If a company suddenly believes that it needs large data technology to make business go further, means that they must have a fundamental shift in their business and begin to develop a path that is completely different from the way they were before--and it is clear that even in extreme cases the assumptions are hard to establish.

Make your system scalable and big data can come around overnight

The concept of large data is often overused or completely misunderstood. No matter how fast the growth is, we can't call it a big data application for the increase in the amount of data in a particular application. What we need to do is to expand the system and the process is not that complicated-just make some design adjustments, and if the system itself has an extended design, it doesn't need to be adjusted.

Computer based text analysis is always in development. I remember that in the the 1970s, there were scholars who analyzed Shakespeare's dramatic works, hoping to find out the frequency and pattern of their particular words-I was fascinated. If there is any new breakthrough in today's big data, it may be to extend the work to a larger, larger number of textual content.
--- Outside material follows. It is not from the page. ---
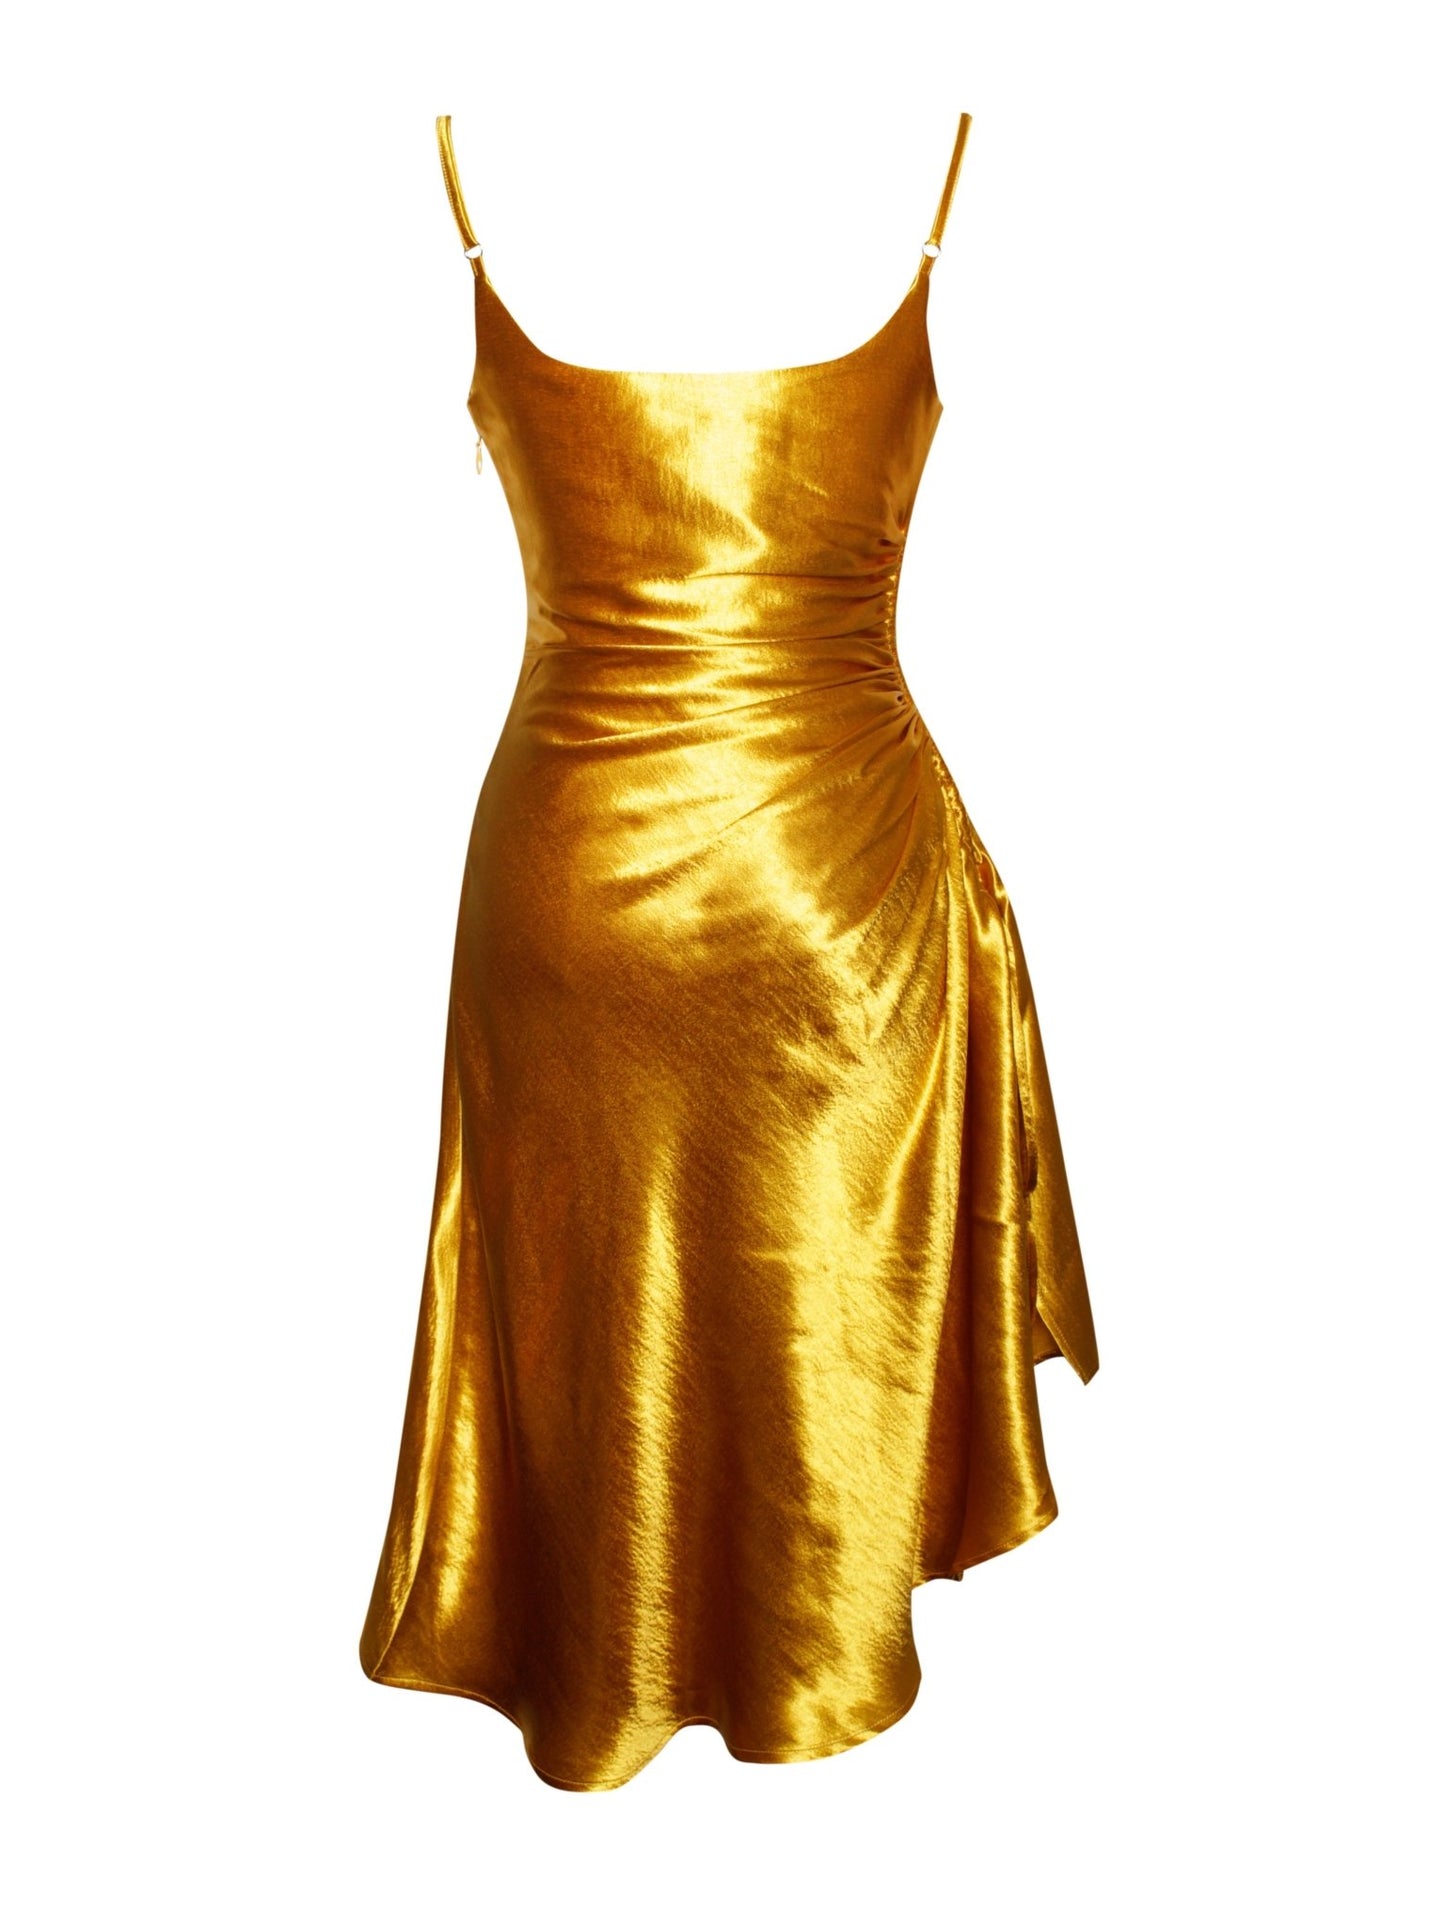 Mindy Gold Satin Dress - HOUSE OF SHE

If these texts had appeared 20 years ago, and we had to grope for them at the time, it would have been impossible to accomplish. Scientists shook their heads and said, "We have a technical base, but we can't really achieve it." "Even today, when I still don't know the details of these analytical work, I find it difficult for researchers to build code algorithms in ways that are completely different from traditional sorting and search ideas." It can be said that the big data in this respect did not bring any groundbreaking achievements.

If the DVD-ROM leasing company could seize such details in the 90 's, they would be happy to actively capture and analyze them. This disturbing trend raises the question of how a movie rental company will use it, how it can be turned into profit, or how it will affect cooperation between companies. These figures are like tiles in a jigsaw puzzle, and the ability to solve the puzzle will make the enterprise have the absolute initiative.

"Data" does not become the root of all evils overnight, at best, it is another important resource of the new era. We should not be too superstitious about big data, abandon the existing data technology without any problem, and should not push all the problems into the big data. It is clear that traditional technology will not be "outdated" and the new technology can not be hoodwink.

(Responsible editor: Schpeppen)

Related Article

Contact Us

The content source of this page is from Internet, which doesn't represent Alibaba Cloud's opinion; products and services mentioned on that page don't have any relationship with Alibaba Cloud. If the content of the page makes you feel confusing, please write us an email, we will handle the problem within 5 days after receiving your email.

If you find any instances of plagiarism from the community, please send an email to: info-contact@alibabacloud.com and provide relevant evidence. A staff member will contact you within 5 working days.

A Free Trial That Lets You Build Big!

Start building with 50+ products and up to 12 months usage for Elastic Compute Service

  • Sales Support

    1 on 1 presale consultation

  • After-Sales Support

    24/7 Technical Support 6 Free Tickets per Quarter Faster Response

  • Alibaba Cloud offers highly flexible support services tailored to meet your exact needs.